Just few metres from the Pink City, this is the most important museum in the city. It used to be the town hall. For my taste, it is the best building. Inside you can see a large collection of antiques, ceramics, sculptures, paintings, carpets, jewellery, woodwork, glass and metal, old costumes worn in ceremonies by royal families. It's a good place to escape the heat in Jaipur.
I haven't seen the Great Wall of China, but this wall is very close to the image of it that I have in my mind. It runs from Jaigarh Fort for hundreds of kilometres through all the hills surrounding the town of Amber. There are several places where you can climb the wall (highly recommended).
We saw many snake charmers in Jaipur, but they were adults. It was strange to see children control the snakes, others doing amazing acrobatics with real flexibility. The cobra or viper is poisonous, but when you take a photo with the adult snake charmers, you can touch the snake in the basket. When I did this, the snake gave me a fright, you can see it in the photo hahahahahaha. This child is learning the profession soon!
Pritam Niwas Chowk is one of the courtyards of the City Palace of Jaipur, leading to the Palace of the Moon (Chandra Mahal). Each of the four doors is dedicated to a god, and to one of the four seasons of the year. The most beautiful, and also the most photographed, is the Peacock Door, with a small representation of Lakshmi, the goddess of beauty. The doors are guarded by servants dressed in white with red turbans.
The Pink City is one the most important attractions in Jaipur. This is what the old town, which was built by Jai Singh II, is called. The buildings were built of stucco in an attempt to imitate sandstone, and that were later painted pink to welcome the Prince of Wales. This color symbolizes the city's hospitality and luck, and also place it at the top of the list of what to do in Jaipur.
The city is surrounded by a crenelated wall with ten gates and is divided into six districts. One district houses the palace complex, which includes Hawa Mahal or the Palace of the Winds, as well as gardens and a lagoon.
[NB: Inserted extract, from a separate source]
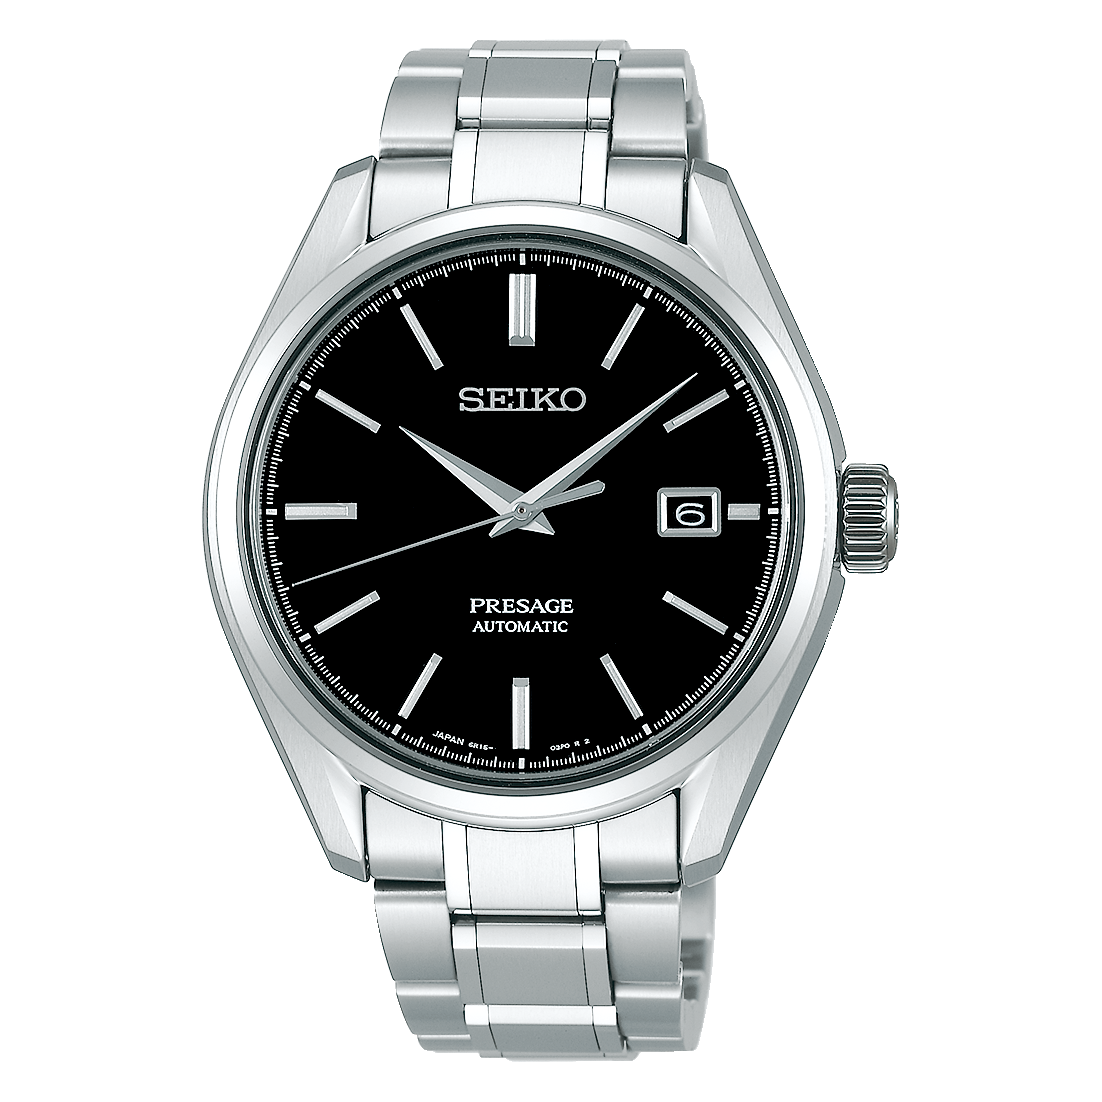 SEIKO SARY057 プレザージュ 4R36-03H0 セイコー 腕時計 通信販売

The Hawa Mahal is one of the more impressive things to do in Jaipur. It is a palace built in the year 1799 by Sawai Pratap Singh, which served as an extension of the zenana or chamber for the women destined for the harem. The building has five floors, is built of red and pink sandstone, and is encrusted in calcium hydroxide. The facade facing the street has 953 small windows.
Another one of the places to visit in Jaipur is Amber Fort, a palatial complex located near the city that was originally dedicated to the Mother Goddess known as Gatta Rani, or Queen of the Past. Another one of the important things to see in Jaipur is the Jantar Mantar, one of the five astronomical observatories built in India by Jai Singh Maharaj. This is a collection of structural monuments to study the evolution of the shadows produced by the sun.
There is still more stuff to do in Jaipur, like the City Palace, historical residence of the majarashas, the Albert Hall Museum, or the Observatory of Jai Singh, all of which are some examples of Jaipur attractions and Jaipur activities that you can not miss.